Fiscal Option 3: Corporate Revival – the Awesome

US corporates (and others across the world) have refused to spend on capex. Instead, US corporates have raised debt to retire equity in the past – that was based on the expectation (an incorrect one we argued), that interest rates would remain low for longer. Even though their coverage ratios are adequate and debt maturities long, Corporate America’s path to maintain solvency is to raise capex, productivity and its return on its assets.

Structurally, demographics could raise the return on capital that saves on labour. Corporates invest for the next decade (or more) and there’s little doubt that the next wave of capital deployed will be labour-saving. The incremental capex will change the nature of the entire stock of the country’s capital only very slowly, even though some sectors will transform rapidly. As the capital stock slowly transforms to a type that is designed to work with less labour, a falling workforce could raise productivity and the return on such capital over time.

2.3 Protectionism and Foreign Relations

Protectionism – too late to have much of an impact

Economies endogenously try to protect themselves after severe imbalances. The nature of the recovery in the advanced economies (more low-end manufacturing and services in the US, a current account surplus for the euro area) has crushed global trade, doing endogenously what Messrs Smoot and Hawley did in the 1930s.
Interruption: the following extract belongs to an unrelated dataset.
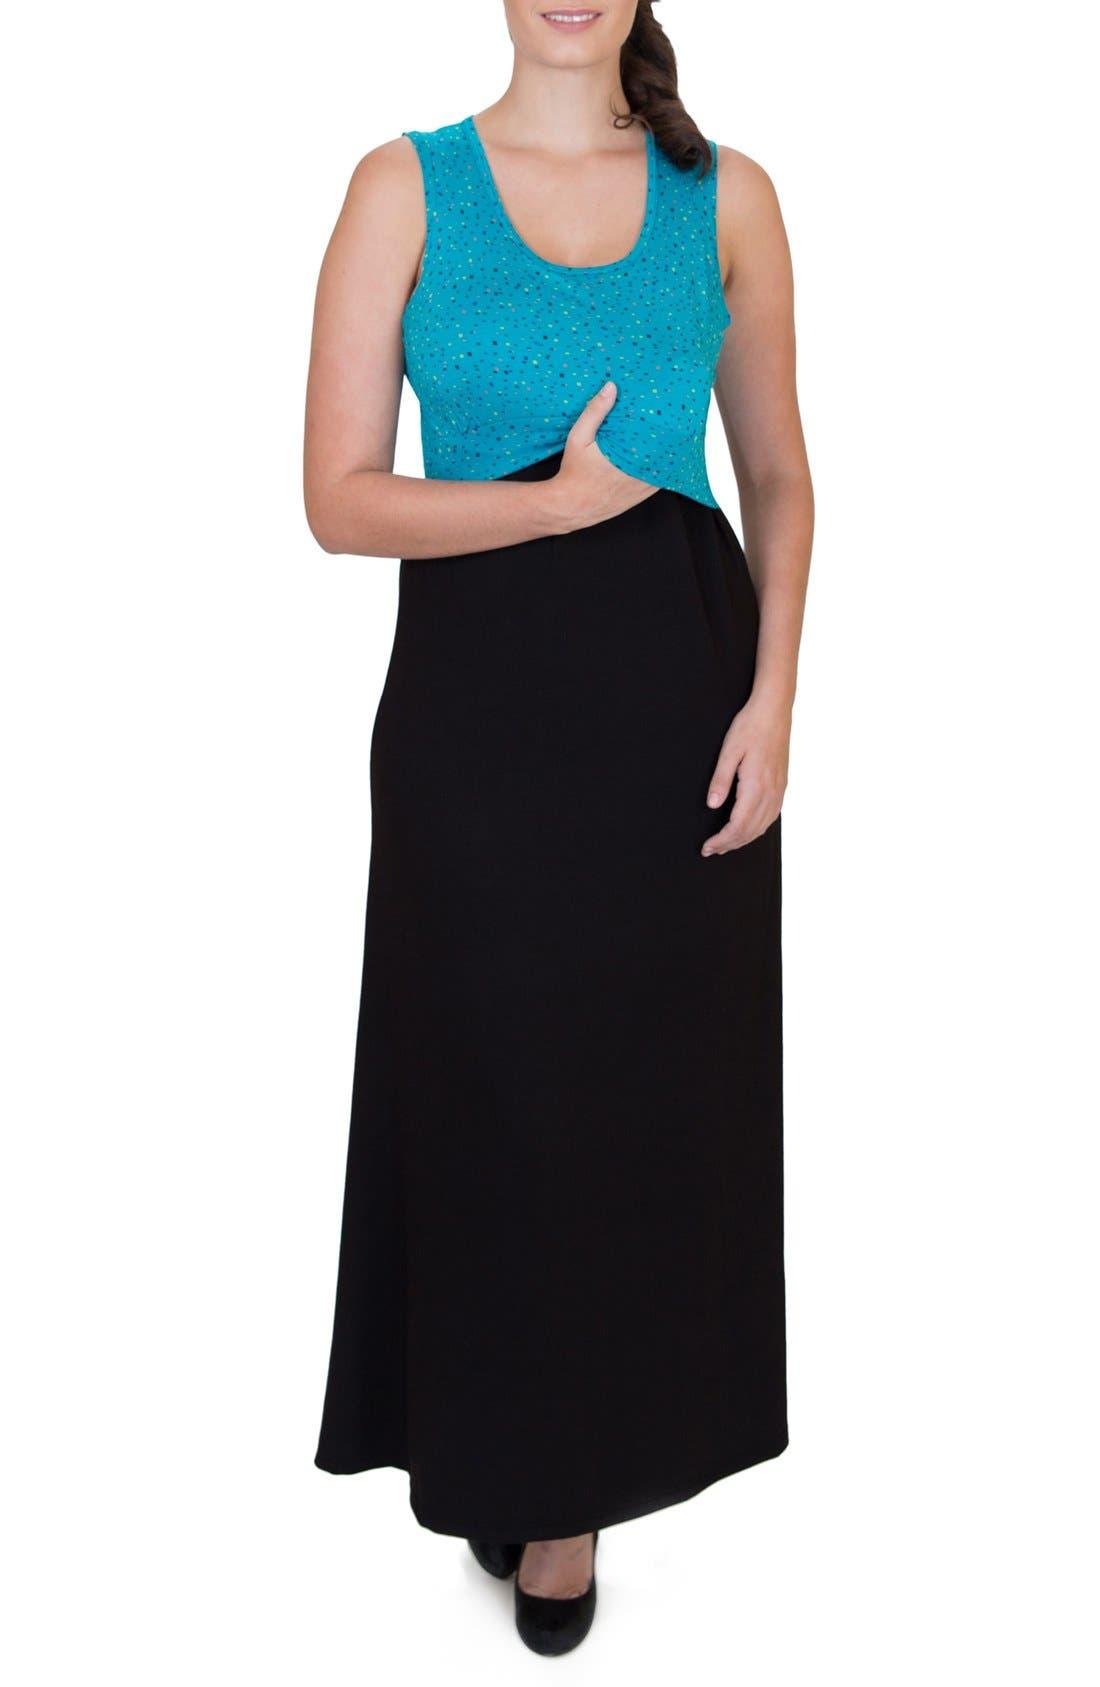 'Mariana' Maternity/Nursing Maxi Dress,                             Alternate thumbnail 4, color,                             DOTS TOP W/ BLACK SKIRT

Reviving manufacturing and reversing globalization will certainly protect the domestic economy, but Mr. Trump is half a decade too late to make much more than a marginal impact

Revival of low-end manufacturing started 5 years ago:We have worried for a while that the US was less a consumer and more a competitor for EM thanks to this revival. This is not a new trend he seeks to create.
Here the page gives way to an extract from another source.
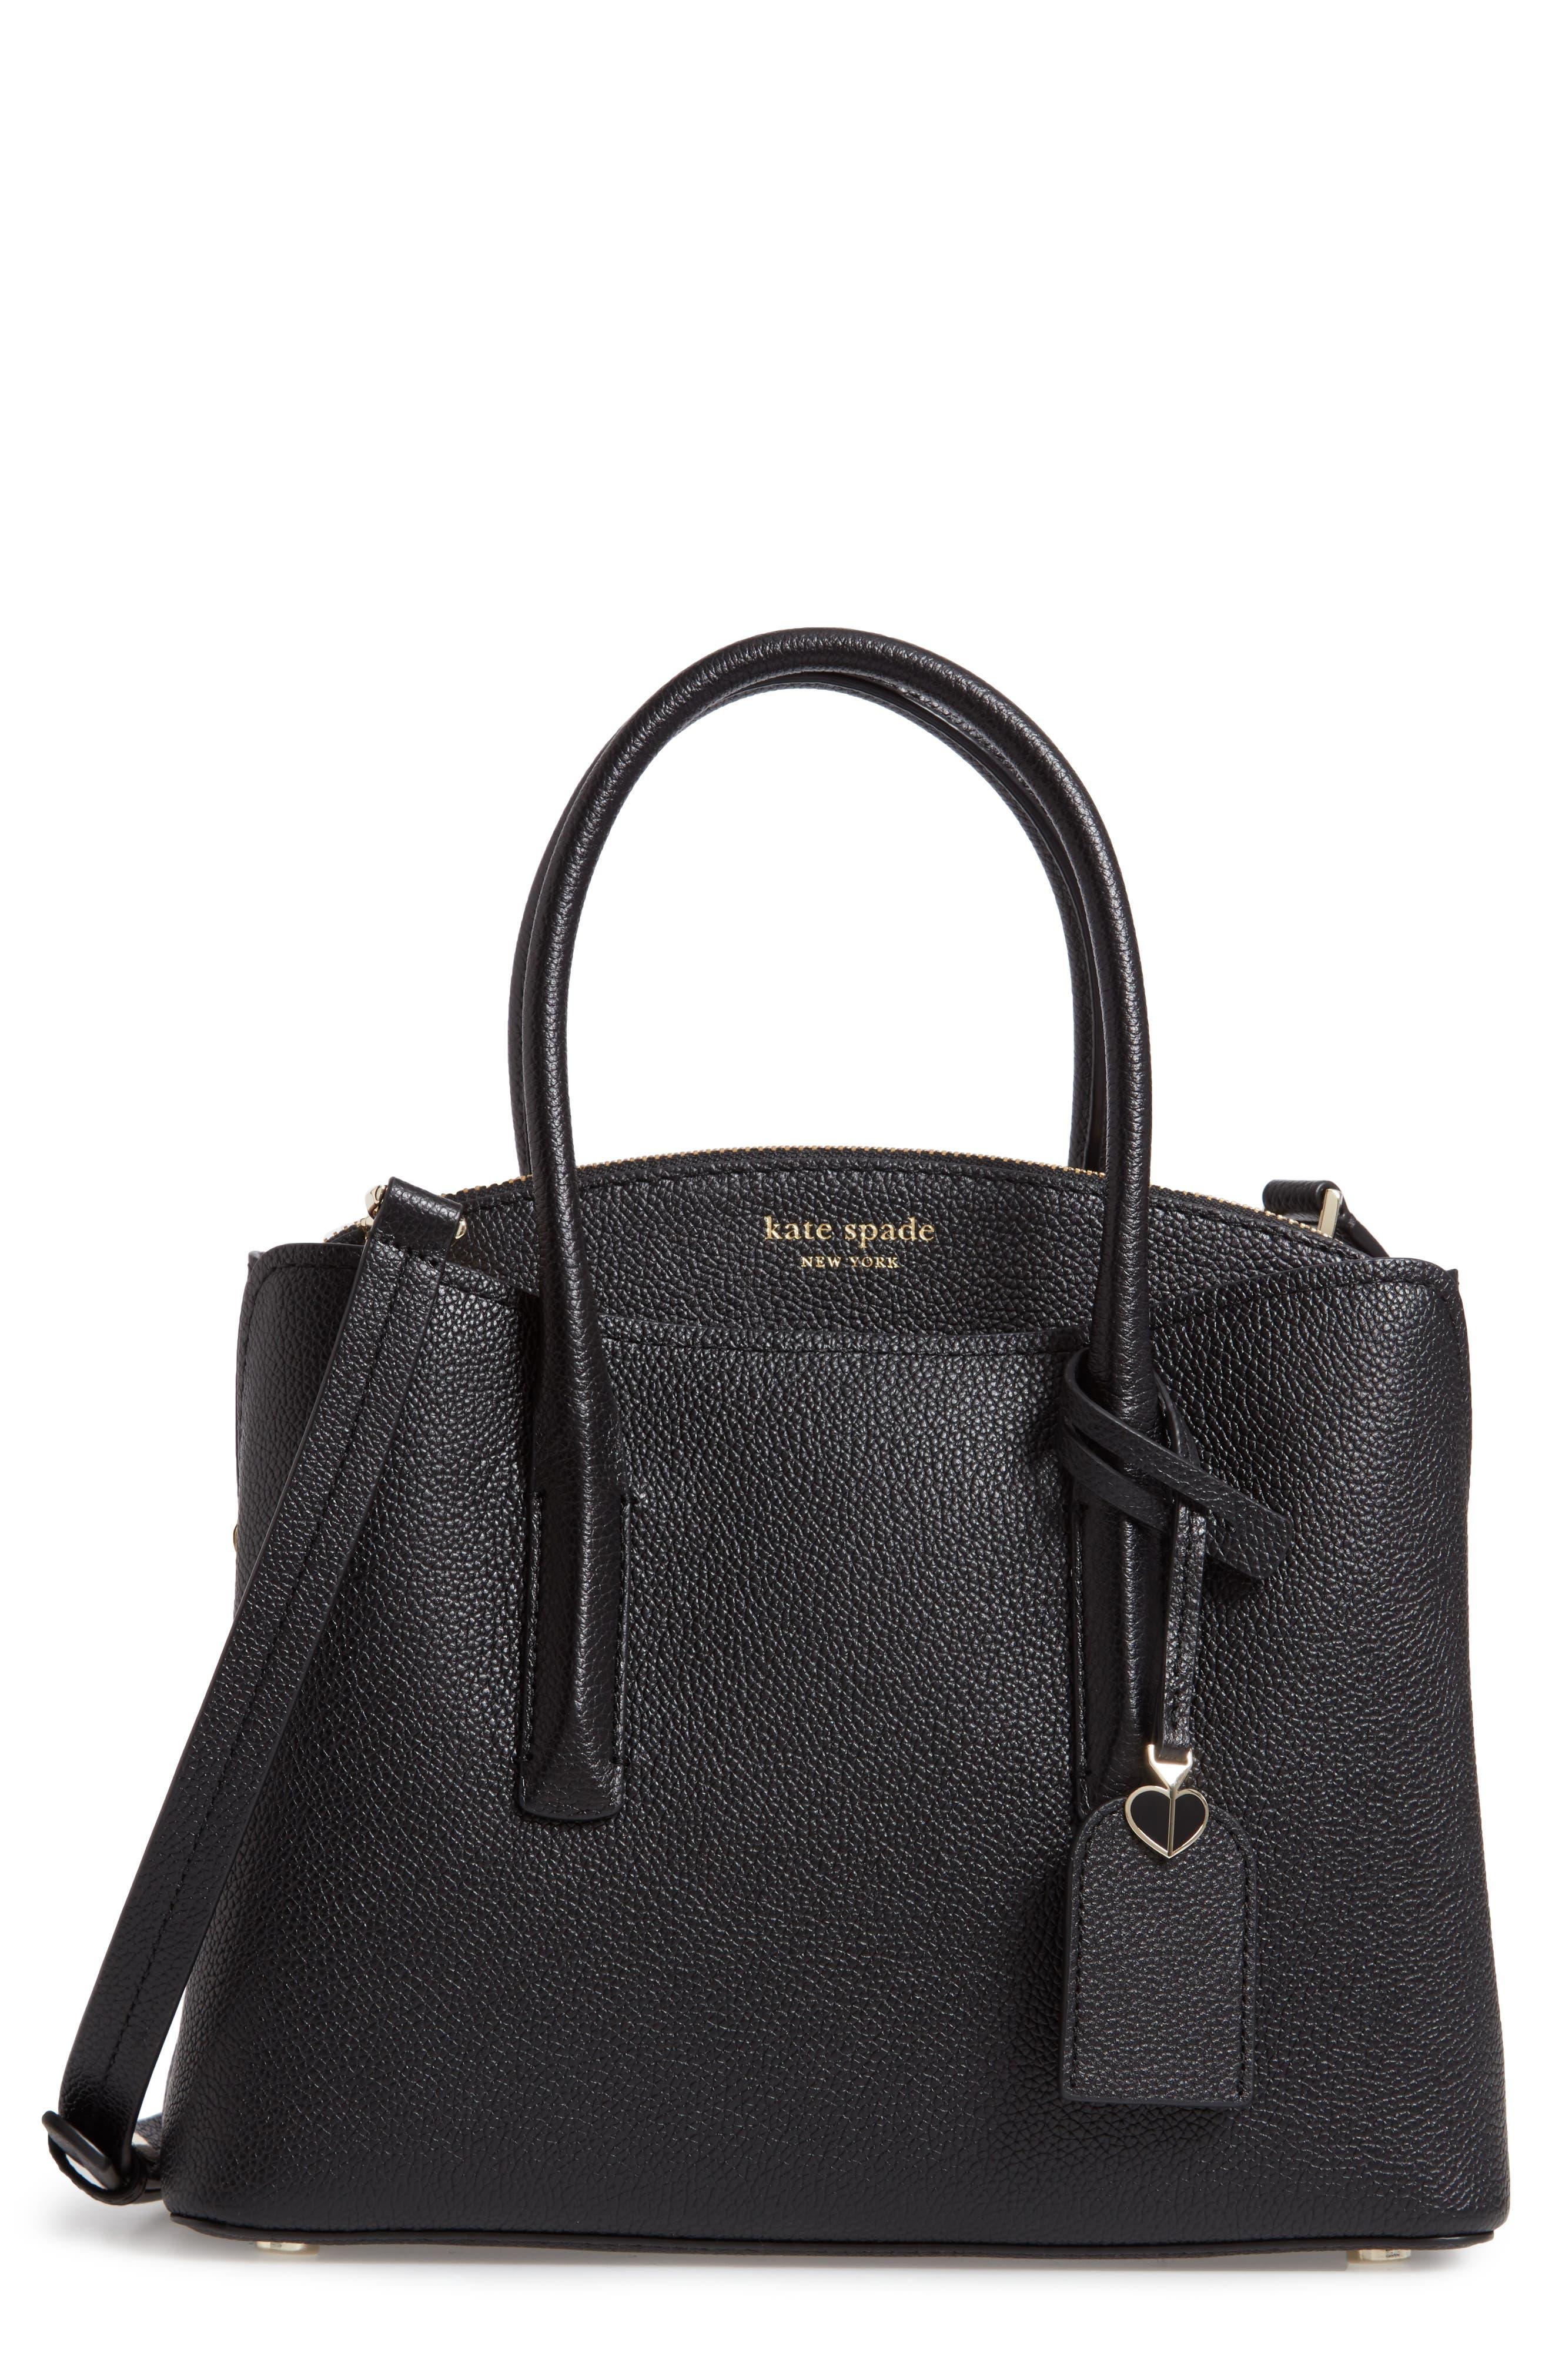 KATE SPADE NEW YORK medium margaux leather satchel, Main, color, BLACK

Global trade volumes have collapsed after the crisis: Sure, breaking trade deals will protect the domestic economy and hurt some, but the collapse of global trade after the crisis means the downside is limited. Cancelling TPP was easy, but cancelling NAFTA will be much harder thanks to supply-chains, like Brexit.

Immigration has already peaked Immigration into the advanced economies peaked around the time of the financial crisis. And so has the inward immigration from Mexico. Again, this is not a new trend!
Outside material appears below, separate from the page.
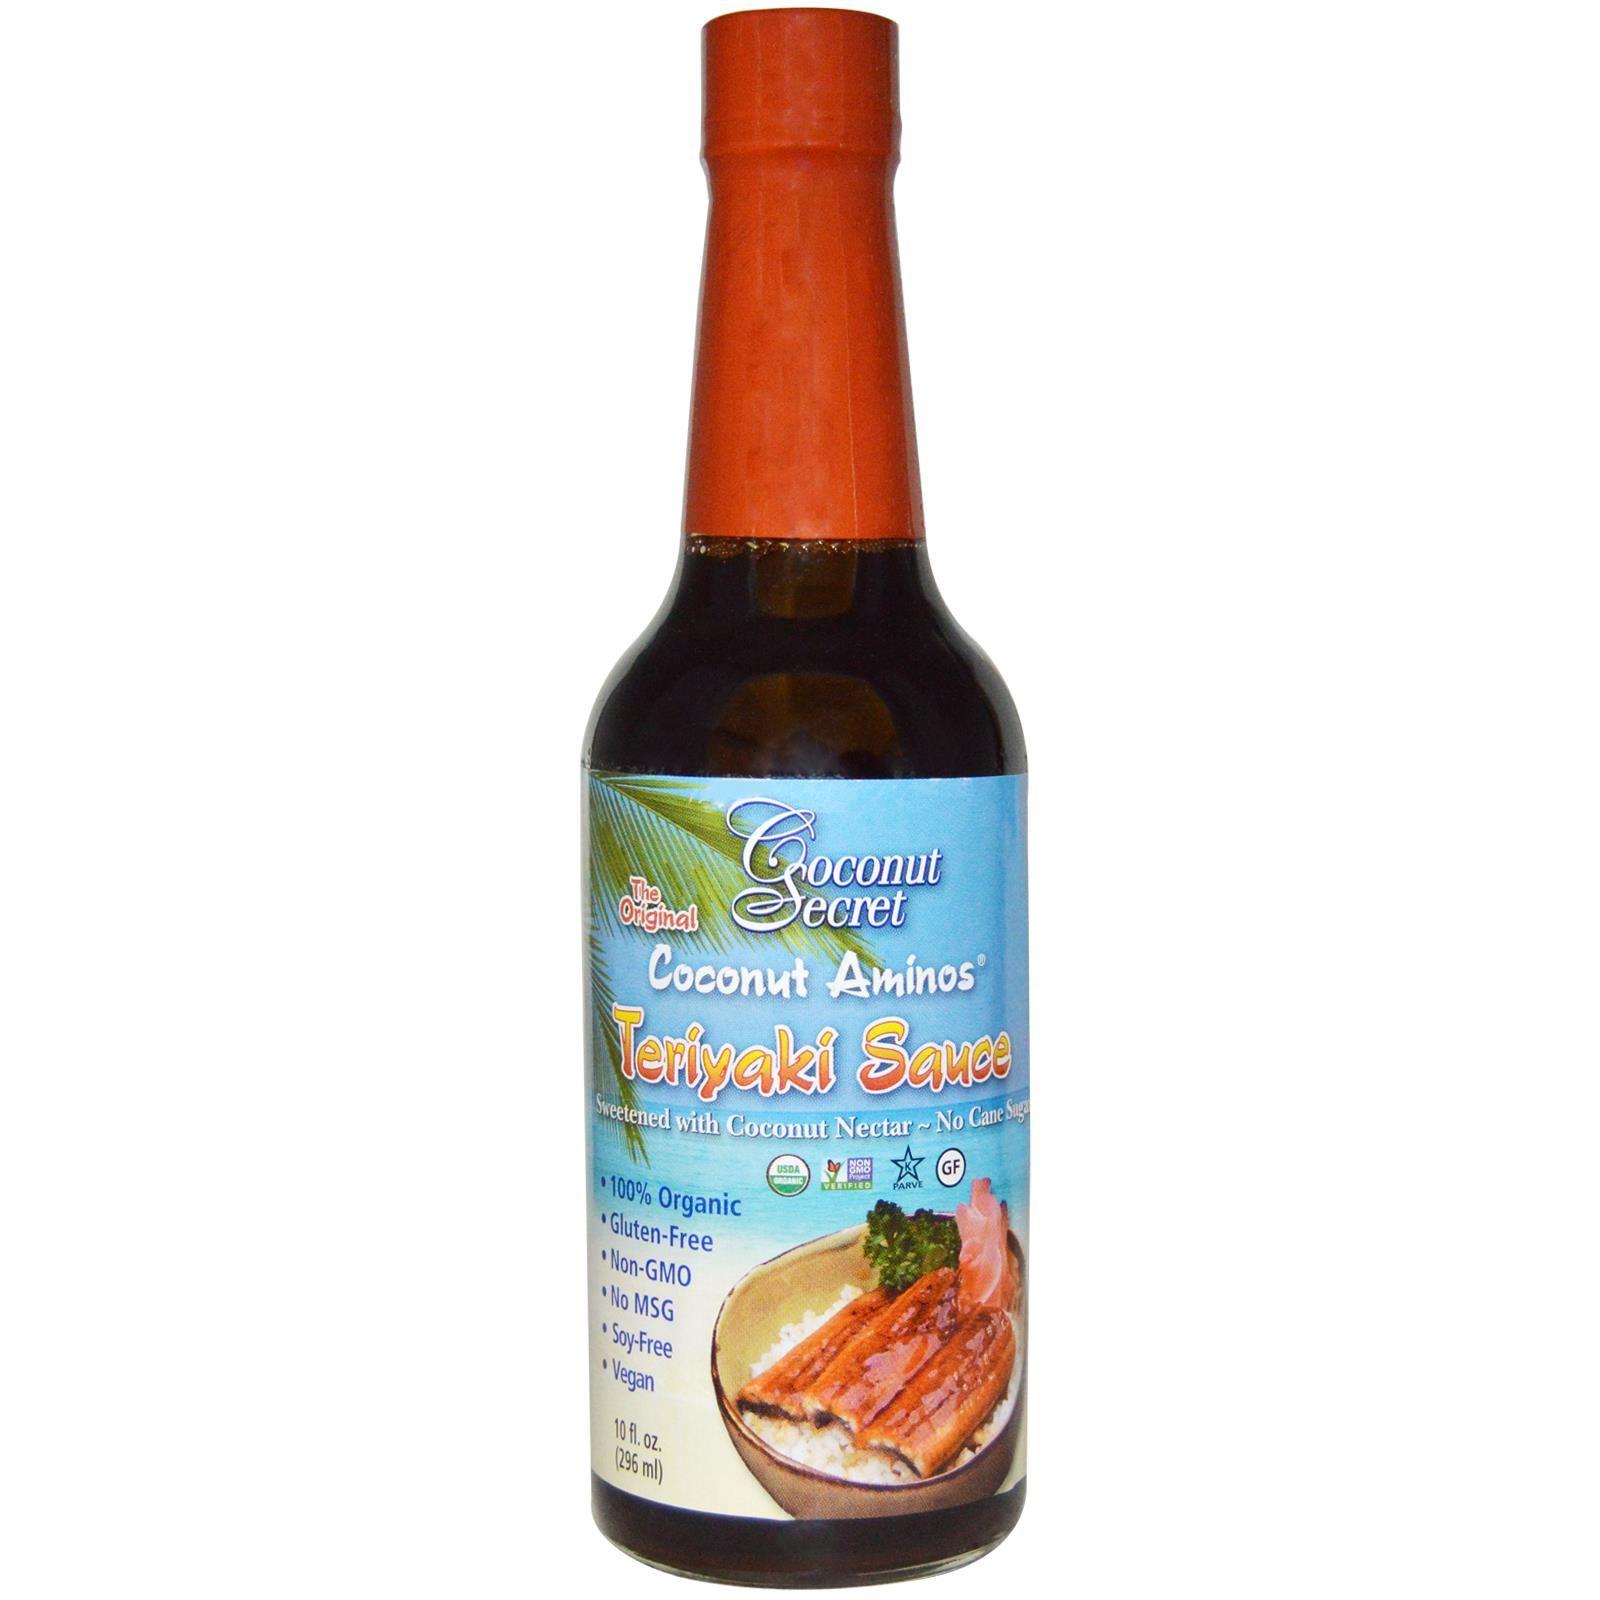 Coconut Secret, Teriyaki Sauce, Coconut Aminos, 10 fl oz (296 ml) - iHerb.com

Foreign Relations will favour some, hurt some, and ignore most of the others

Russia, unless something goes horribly wrong in the electoral hacking scandal, has significant upside.

The UK: Mr. Trump will have a particular interest in making sure that Brexit moves through smoothly so that he has a stronger rationale for arguing that withdrawing from trade agreements doesn’t hurt.

China has clearly been singled out for rough treatment with the ‘currency manipulator’ tag the most likely threat, ironically at a time when China is trying its best to keep its currency from a sharp fall. China has very little to retaliate with, and its loss of market share in the US has traditionally been Mexico’s gain.

OUR VERDICT? Corporate labour-reducing capex is the singular dynamic that fights the good fight It addresses the cause, reduces structural stagnation by raising productivity, and addresses today’s imbalance (falling capital-labour ratio) as well as tomorrow’s demographic challenge. Neither infrastructure spending nor personal income tax cuts come anywhere close. Protectionism sounds like it will help the domestic economy, but most of the trends that the market is betting on have started five or more years ago – where’s the surprise or the impulse? But Mr. Trump has two tailwinds that no one has had for a while – an economy that is close to full employment, and the animal spirits that he has revived himself. What will he do with those?